Pflock durchs Herz, Herr Präsident!

Ein US-Präsident kämpft gegen Vampire und für die Freiheit der Sklaven. Der Kinofilm Abraham Lincoln: Vampirjäger fährt mächtige Quatsch-Geschütze auf und kommt damit über weite Strecken ganz gut durch.

Von Anne Facompre |

Datum: 04.10.2012


Zum Thema » Gewinnspiel zum Film Roccat-Gamerhardware-Set und Kinokarten gewinnen » Kino-Trailer zum Film Szenen aus Abraham Lincoln » Filmkritiken auf GameStar.de Unser Kanal zu aktuellen Kinofilmen CS: GO ab 27,49 € bei Amazon.de Eines muss man dem Film mit dem wohl reißerischsten Titel des Jahres lassen: »Abraham Lincoln: Vampirjäger« ist nicht ganz so blöde, wie er klingt. Klar, auf eine gehörig wahnwitzige Geschichte muss man sich schon einlassen. Und blutscheu sollte man auch nicht sein. Wen das aber nicht stört, der wird sich mit dem grotesken Gemetzel auf der Leinwand einigermaßen gut amüsieren können.

Die Story

Als Kind musste Abraham Lincoln (Benjamin Walker) hilflos mitansehen, wie seine Mutter (Robin McLeavy) von einem Vampir ermordet wurde. Der kleine Junge schwört Rache. Als Jugendlicher trifft er auf Henry Sturgess (Dominic Cooper), der sich mit den Blutsaugern auskennt, und ihn den Kampf gegen sie lehrt. Fortan macht er sich Nacht für Nacht auf die Jagd nach Vampiren.

Abraham Lincoln: Vampirjäger
Benjamin Waalker als Abraham Lincoln: nicht wirklich überzeugend.
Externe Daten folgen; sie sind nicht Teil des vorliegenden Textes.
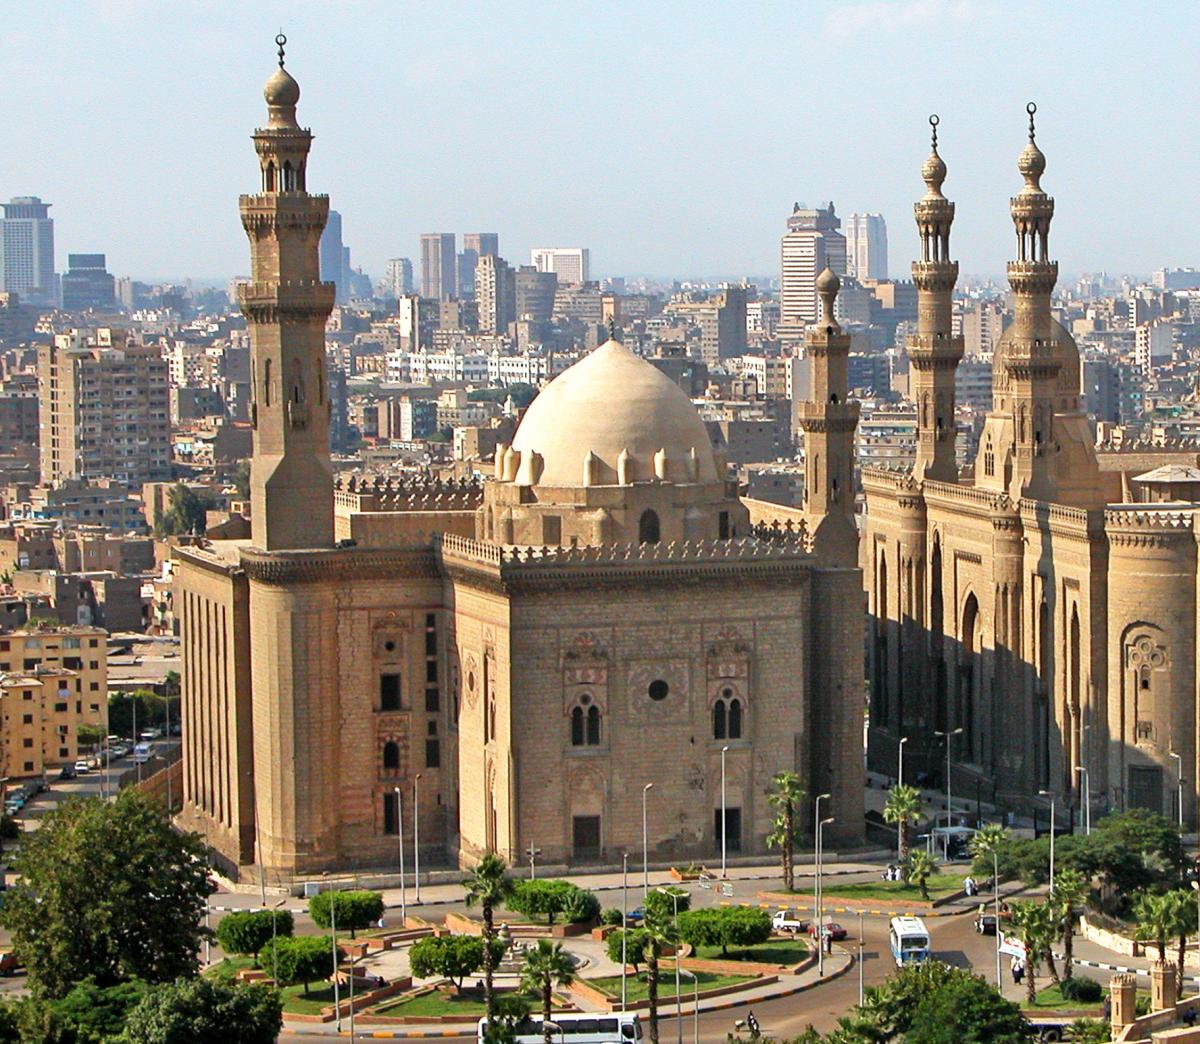 Sultan Hassan Mosque in Cairo: A Monument of Religious and Architectural Splendor

Jahre später entwickelt Abraham aber auch politische Ambitionen und merkt bald, dass die Vampire nach der Herrschaft über Amerikas streben, sich ein eigenes Königreich erobern wollen. Nochmals einige Jahre später zieht Lincoln als amerikanischer Präsident in den Bürgerkrieg gegen die Südstaaten, die von Vampiren gelenkt sind und mit übermenschlichen Kämpfern aufwarten. Bei Gettysburg kommt es zur entscheidenden Schlacht.

Gore sells

Was genau sich Seth Grahame-Smith 2009 dabei dachte, ein Buch mit dem Titel »Stolz und Vorurteil und Zombies« auf dem Markt zu bringen, weiß wohl keiner so genau. Aber das Wagnis hat sich gelohnt: Die mit Blut und Gewalt aufgemotzte Version des Jane Austen Bestsellers schaffte es doch glatt auf die Bestsellerlisten.

Da ist es nicht verwunderlich, dass Grahame-Smith ein Jahr später direkt nachlegte. Und zwar mit Abraham Lincoln: Vampirjäger. Der 16te Präsident der USA, der gefeierte Befreier der Sklaven, jagt Vampire. Eine Art »Twilight« für History-Buffs und Horror-Fans. Nachdem der Mash-Up-Roman erneut erfolgreich war, ließ eine Filmumsetzung nicht lange auf sich warten.

Freunde des Buchs dürften sich darüber freuen, dass Grahame-Smith das Drehbuch selber adaptierte, um möglichst genau am Original zu bleiben. Außerdem ist Tim Burton als Co-Produzent mit an Bord. Regie führt der Russe Timur Bekmambetov (Wanted, Night Watch), der dem Werk eine angemessen düstere Aura verleiht und nicht mit Spezialeffekten geizt.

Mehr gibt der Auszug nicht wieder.